In this study, the research group clarified, by using both cultured cells and mouse models, that T‑cadherin suppresses ERK signaling, accompanied by quantitative changes in membrane proteins, including a reduction in IGF‑1 receptor protein levels. Furthermore, in mice genetically engineered to completely lack T‑cadherin in all cells, isoproterenol administration or high-salt loading led to enhanced cardiac hypertrophy, accompanied by excessive ERK activation and an increase in heart weight. It was also revealed that, in mice genetically engineered to lack T‑cadherin specifically in skeletal muscle cells, the physiological muscle atrophy normally induced by fasting was less likely to occur.
These results suggest that T‑cadherin, a principal binding partner of adiponectin, in addition to its reported role in promoting exosome production, regulates intracellular signaling independently of adiponectin and contributes to the maintenance of cellular and organ homeostasis. The findings are expected to deepen the understanding of the onset mechanisms of metabolic diseases in T‑cadherin–expressing organs, including the heart and skeletal muscle, and to lead to the development of new therapeutic strategies.
Fig. 1 Regulation of intracellular signaling and organ-protective effects by T‑cadherin
Credit: NAGAO Hirofumi
Research Background
Adiponectin, an adipocyte-specific secreted factor, is known to exert protective effects on multiple organs including the vasculature, skeletal muscle, heart, and kidneys through its anti-atherogenic effect, insulin-sensitizing, and anti-inflammatory actions.

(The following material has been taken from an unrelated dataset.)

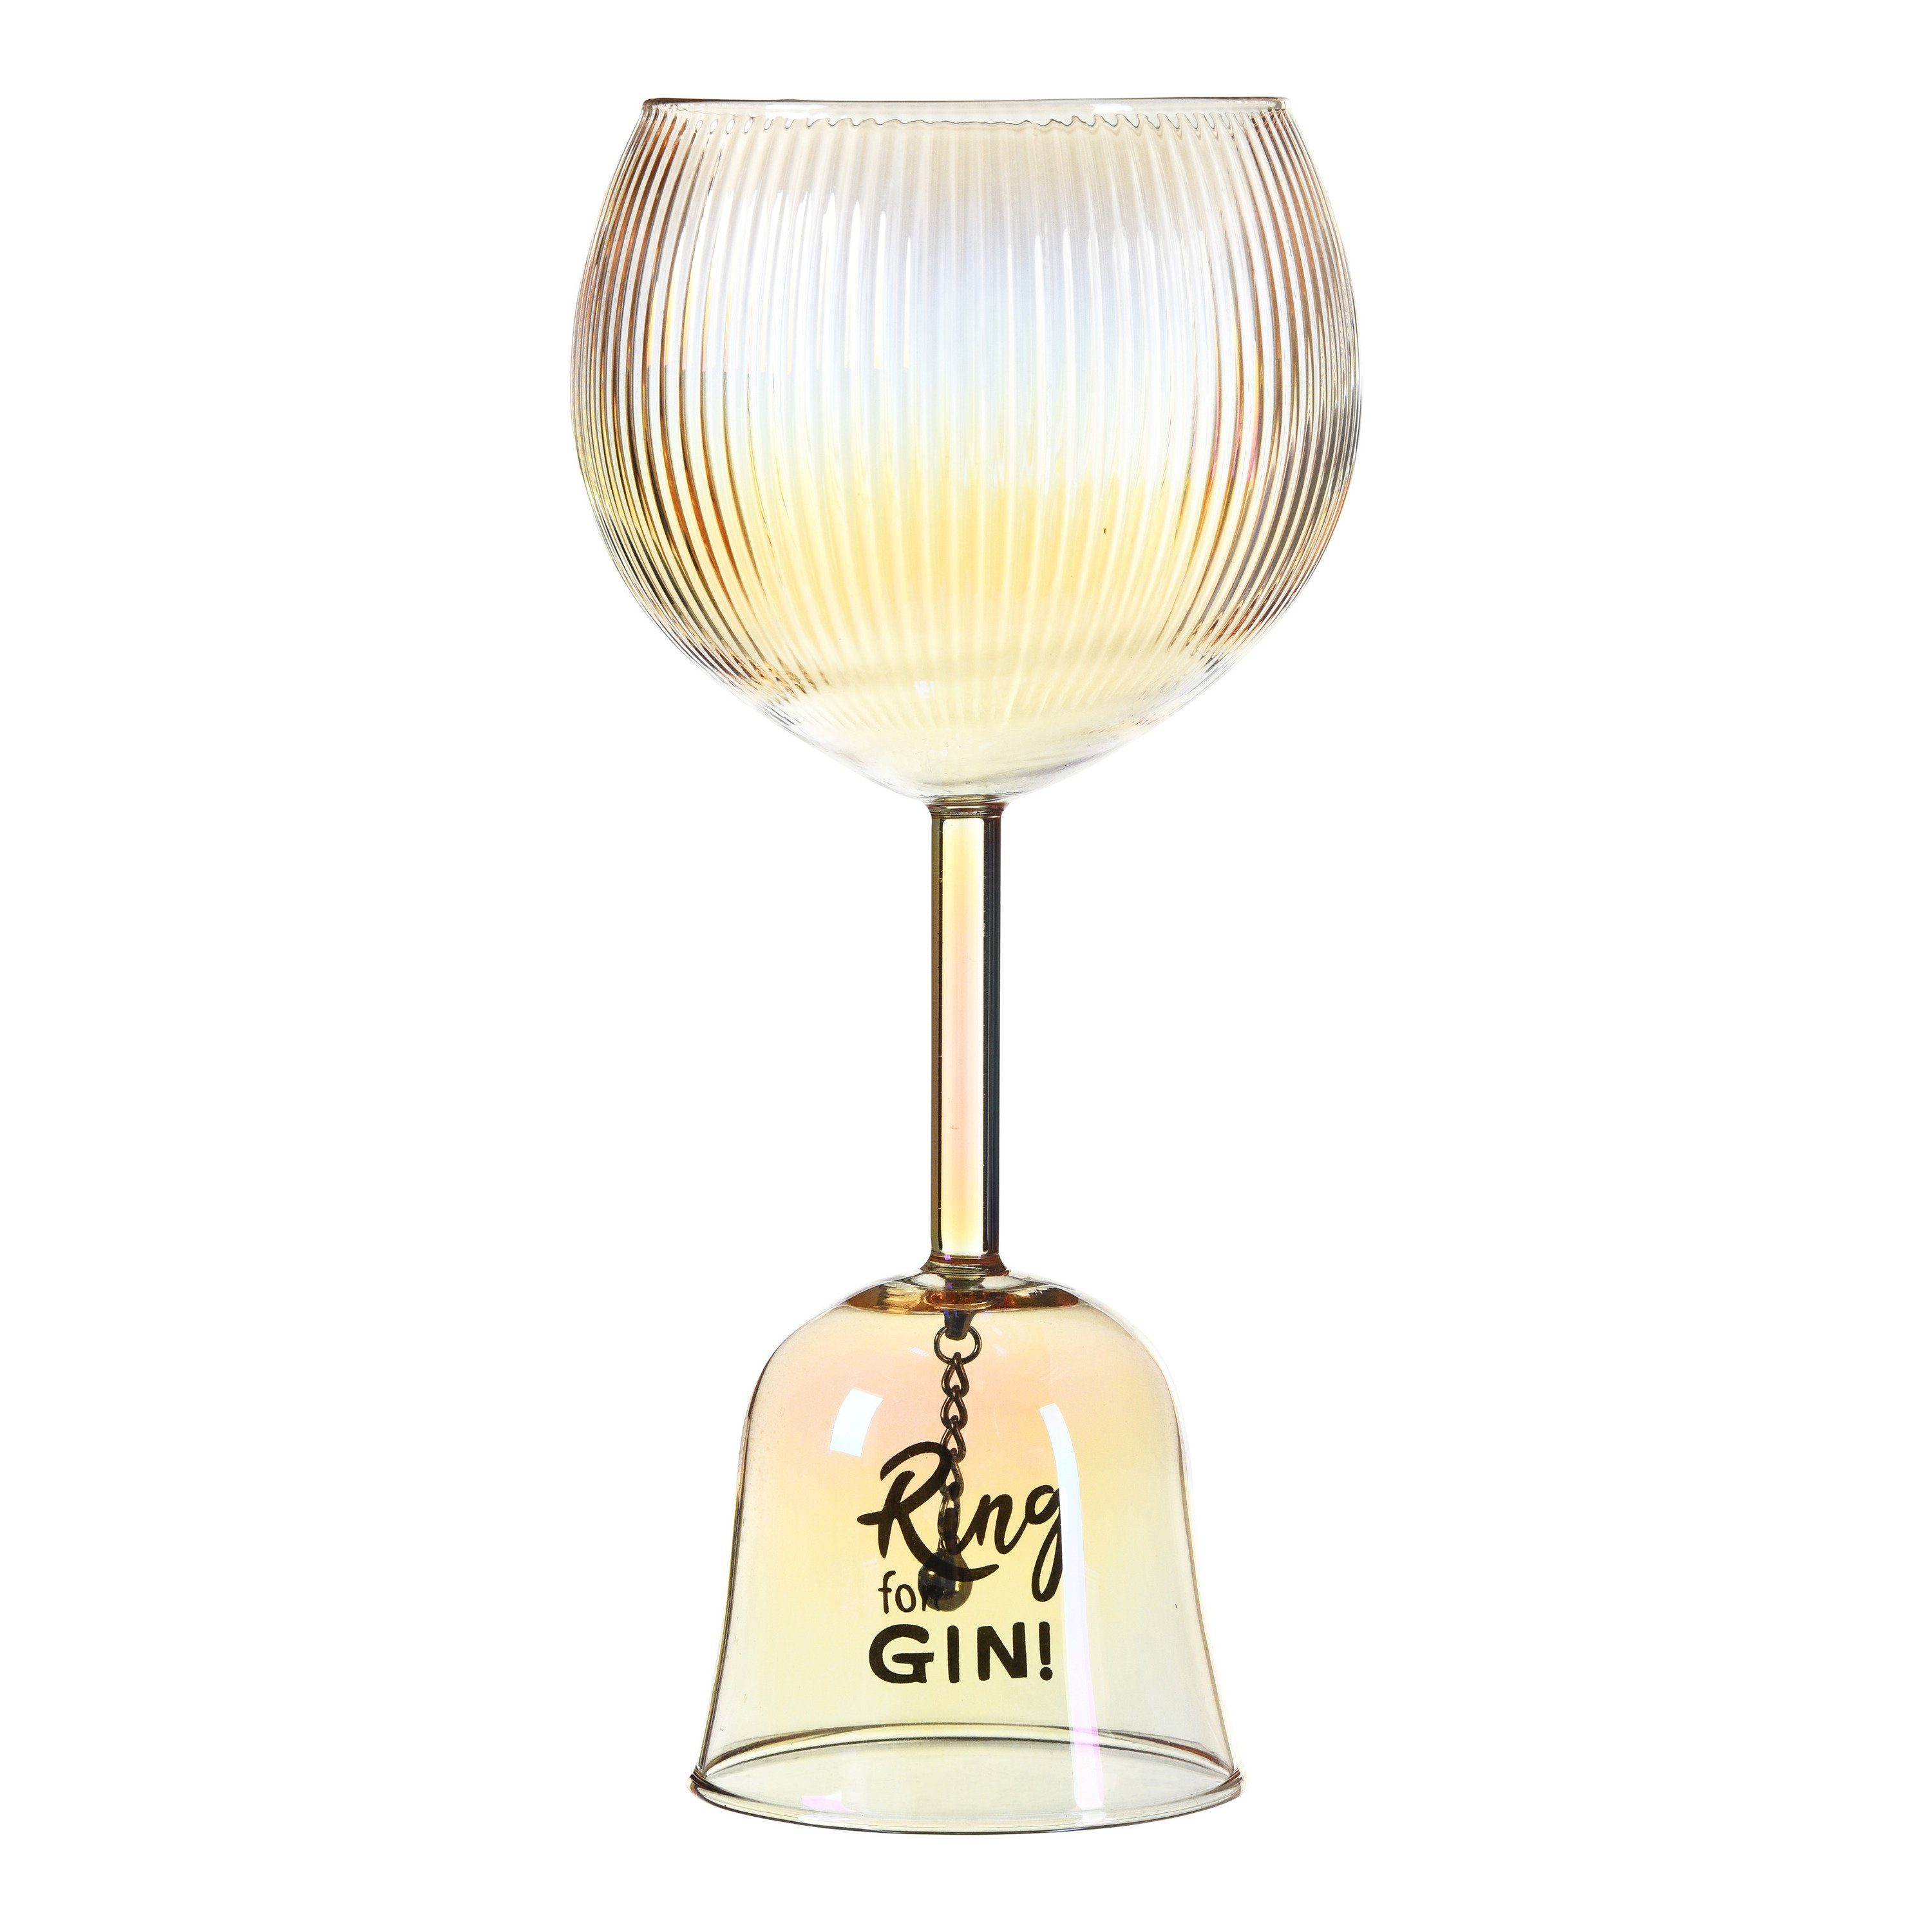 Gin, 98% for Glas Trinkglas 2% Glas, Metall Ring Depot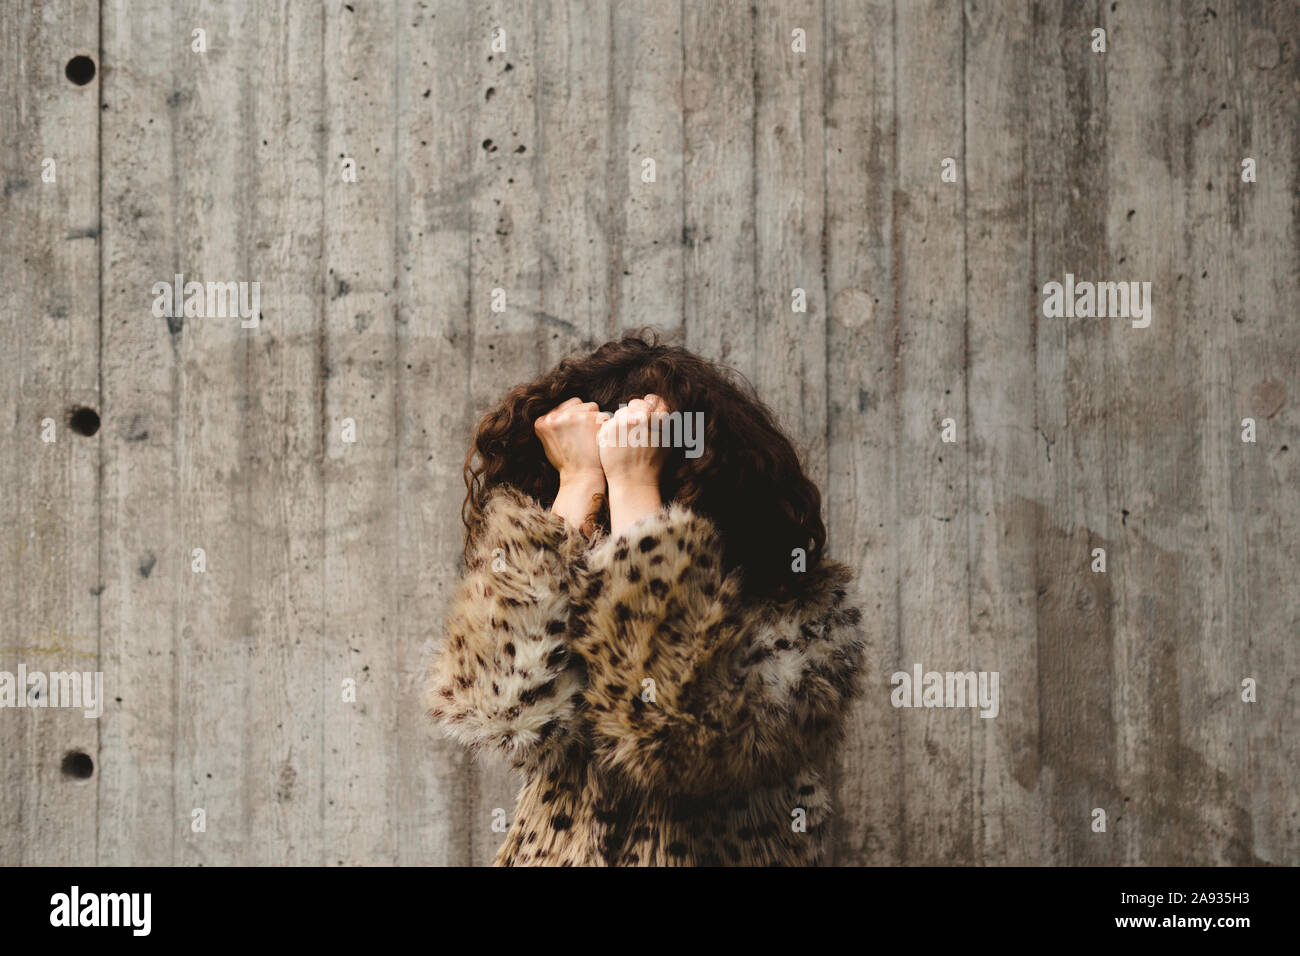 Woman covering her face Stock Photo

The research group has previously revealed that adiponectin binds to T‑cadherin, a GPI‑anchored protein, leads to increased exosome production and the exertion of diverse protective effects on multiple organs. The research group has also reported that adiponectin enhances T‑cadherin protein expression over the long term.
While it has been known that reduced T‑cadherin expression in cancer cells is linked to tumor progression and poor prognosis, and T‑cadherin suppress neurite outgrowth in neurons, highlighting its role as a regulator of intracellular signaling, its function in cells of metabolic organs has remained unclear.
Research Contents
In this study, the research group clarified through proteomic analyses that T‑cadherin negatively regulates ERK signaling by modulating the abundance of membrane proteins, including the IGF‑1 receptor. This effect was observed not only in cultured cells (F2 endothelial cells and C2C12 myocytes) but also in vivo in mice.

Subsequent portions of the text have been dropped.